» RECORDED INFORMATION
▶

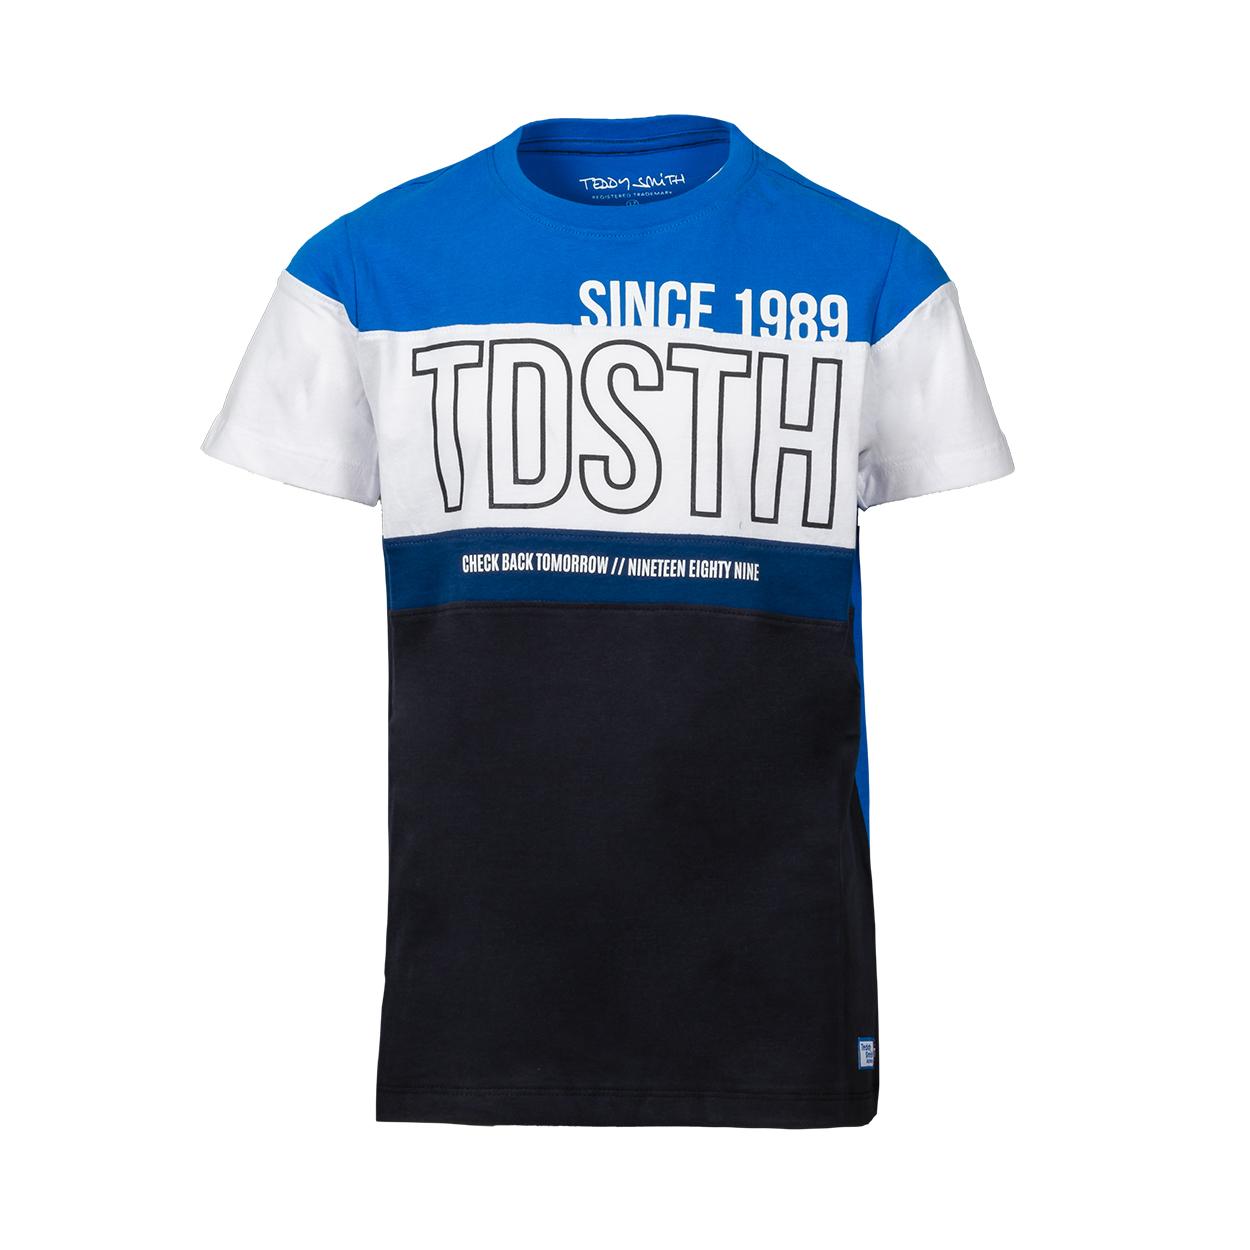 Tee-shirt col rond  t-bou en coton colorblock bleu électrique, blanc, bleu marine et bleu nuit
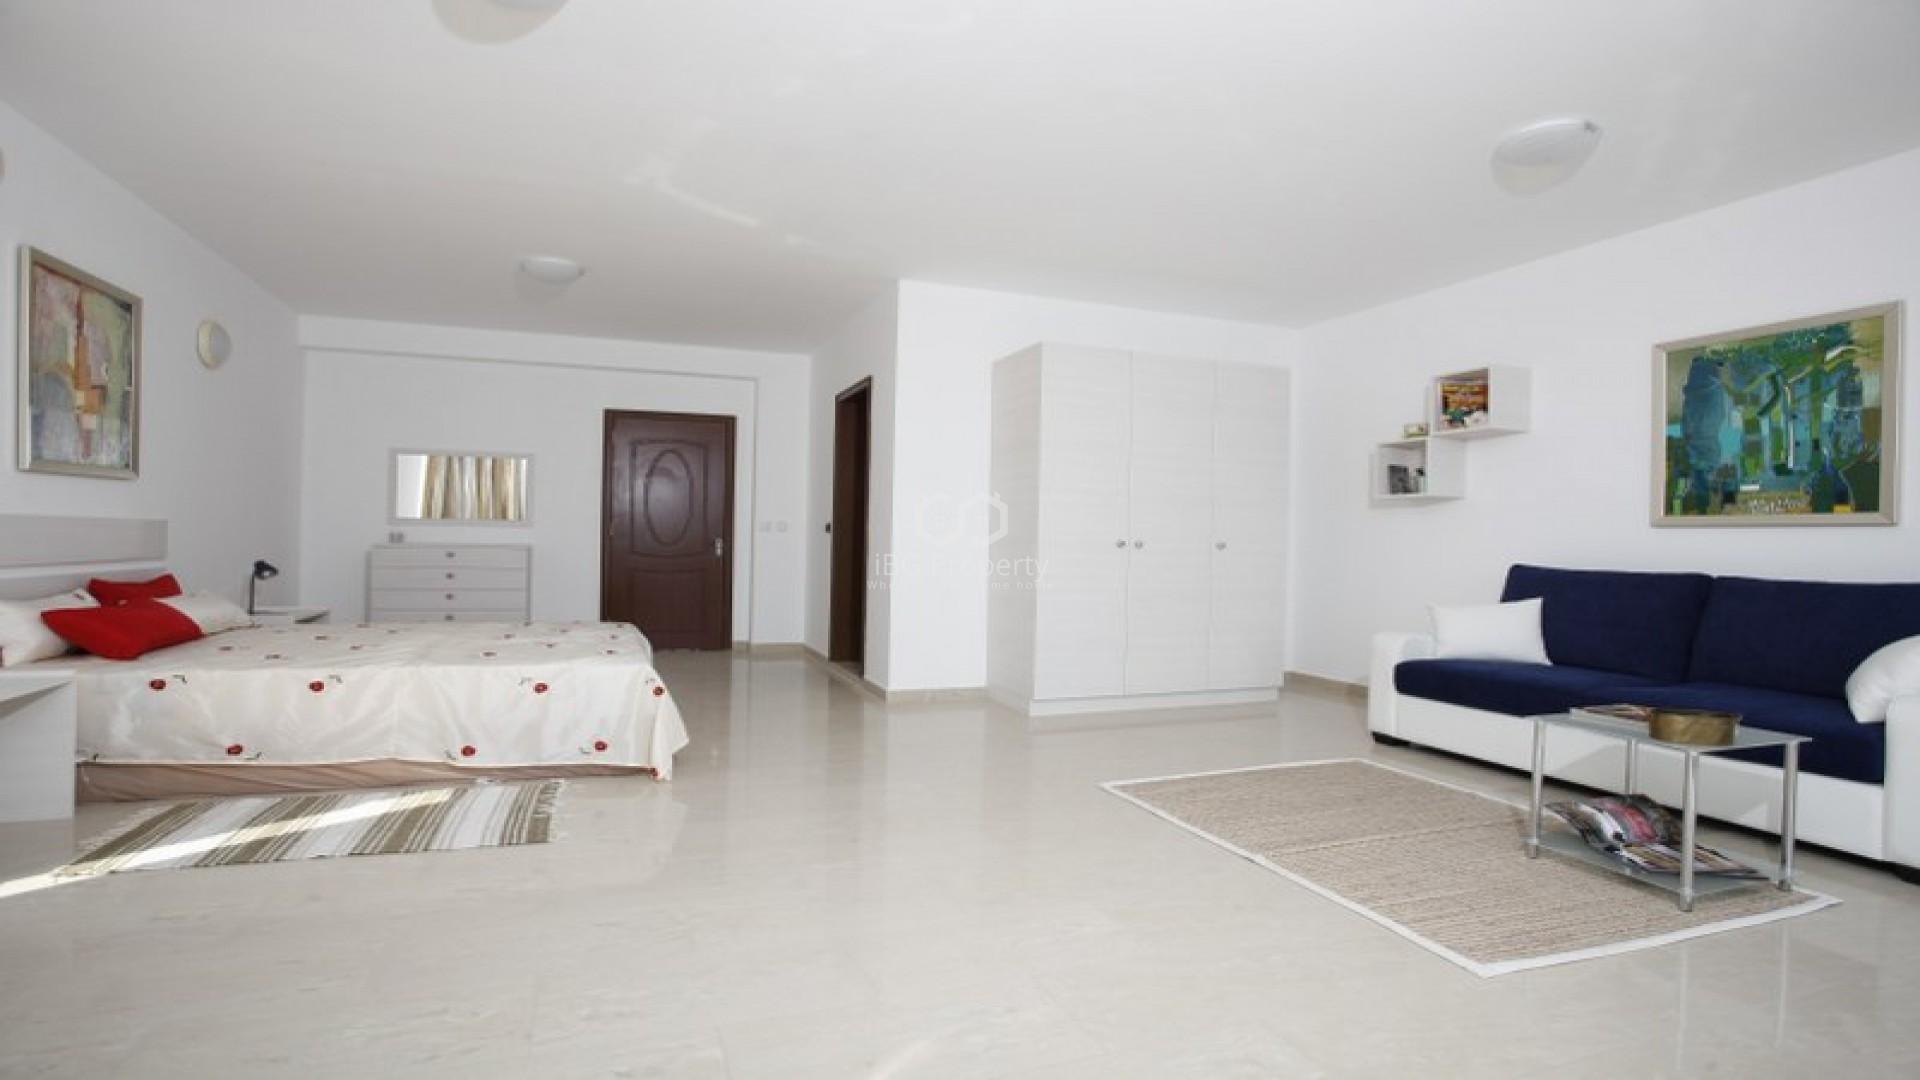 ЕКСКЛУЗИВНО ПРЕДЛОЖЕНИЕ! Двустаен апартамент Бяла  77 m2
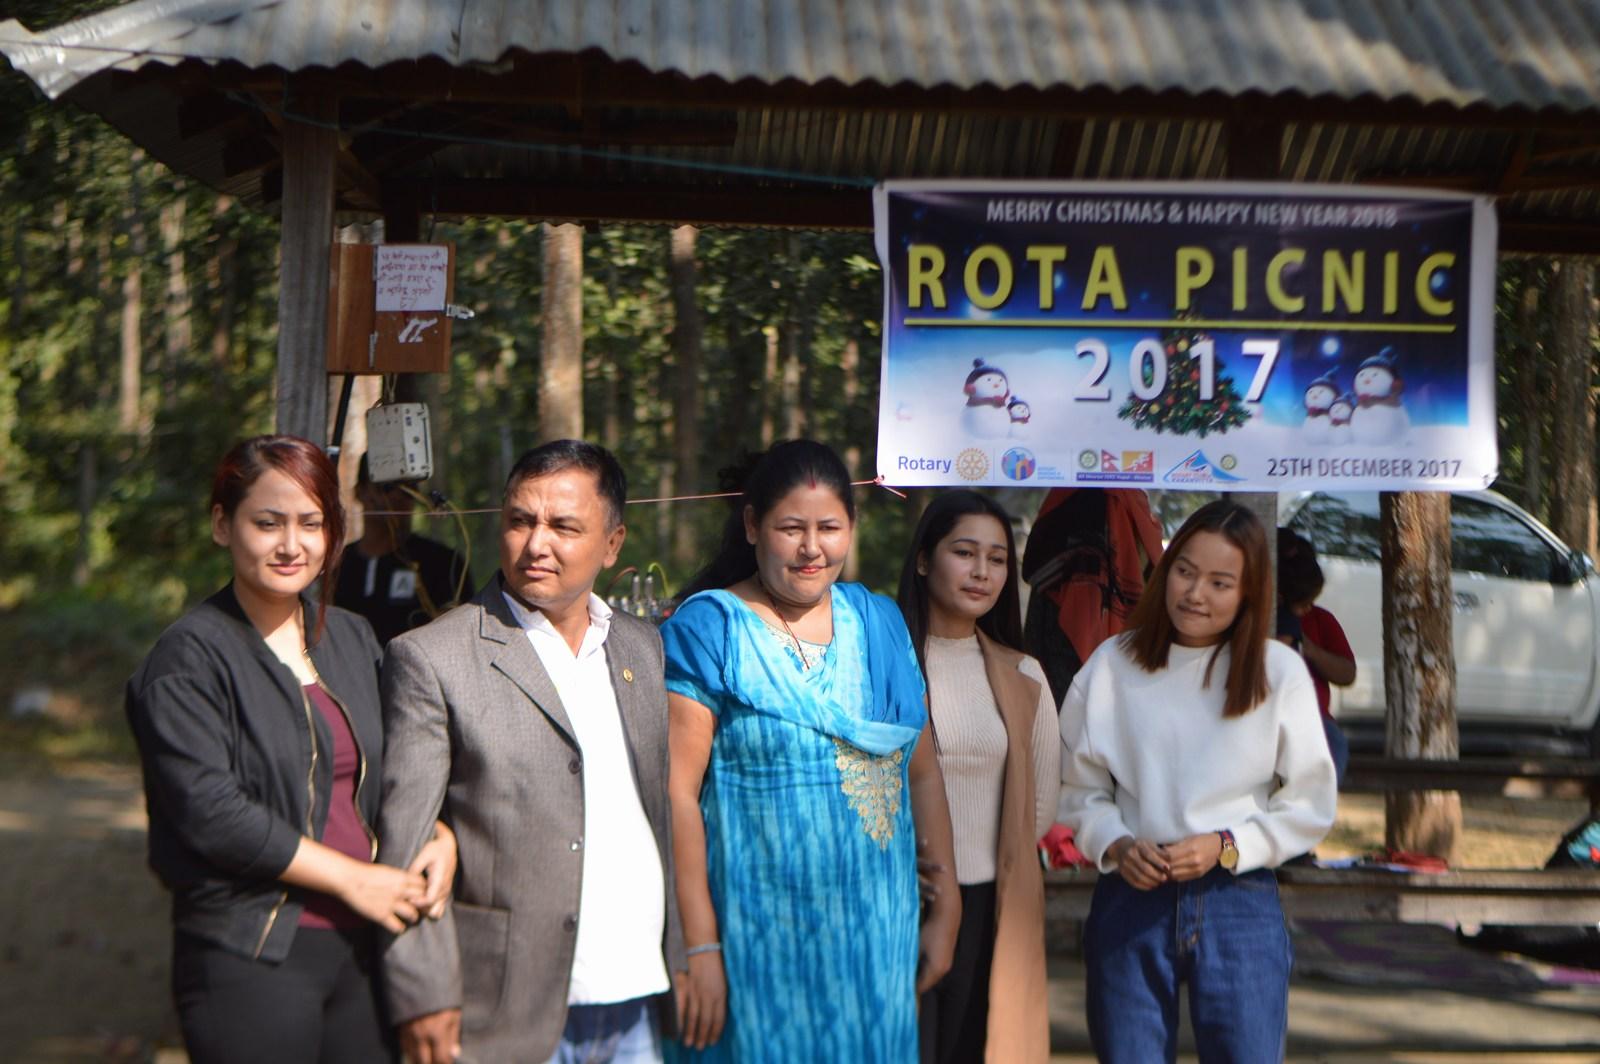 Rota-Picnic-2017-Rotary-Club-of-Kakarvitta-50
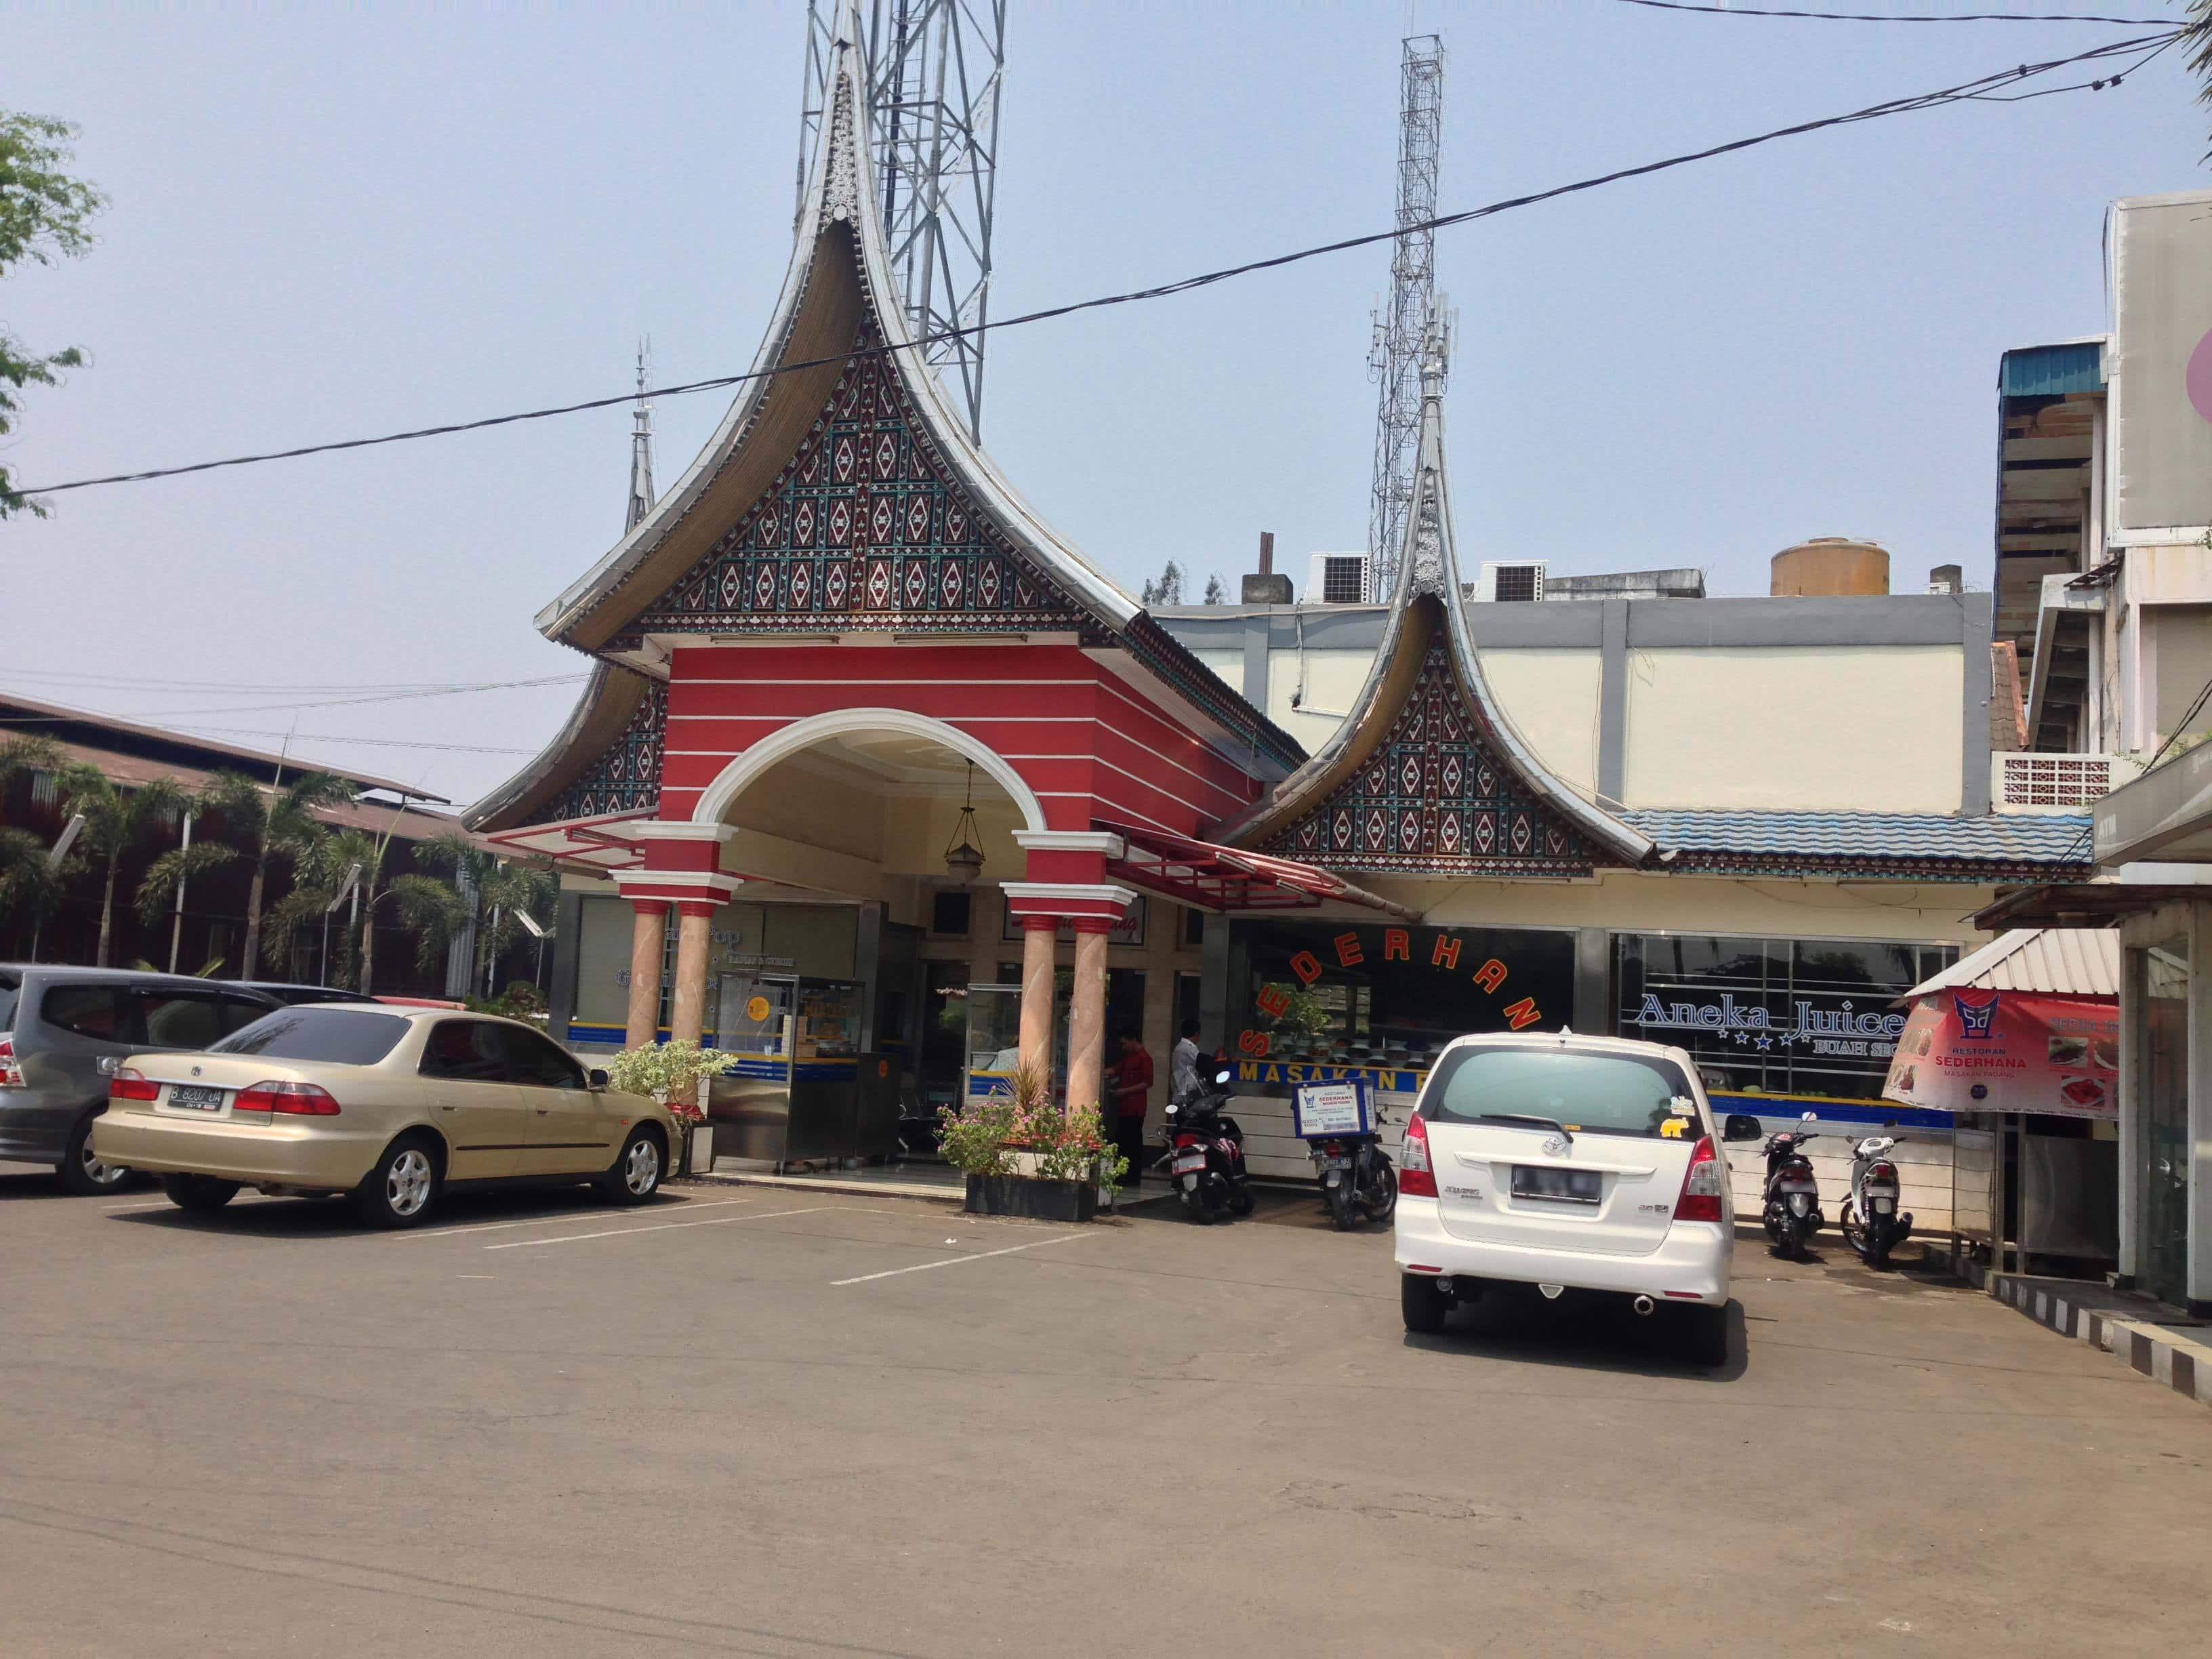 Restoran Sederhana Kec Tangerang Tangerang

◀

» HOW TO COMPLETE THIS TASK
Pictures stay out; print everything else in the data exactly.

» RESULT FOR THIS EXERCISE
 Tee-shirt col rond  t-bou en coton colorblock bleu électrique, blanc, bleu marine et bleu nuit
 ЕКСКЛУЗИВНО ПРЕДЛОЖЕНИЕ! Двустаен апартамент Бяла  77 m2
 Rota-Picnic-2017-Rotary-Club-of-Kakarvitta-50
 Restoran Sederhana Kec Tangerang Tangerang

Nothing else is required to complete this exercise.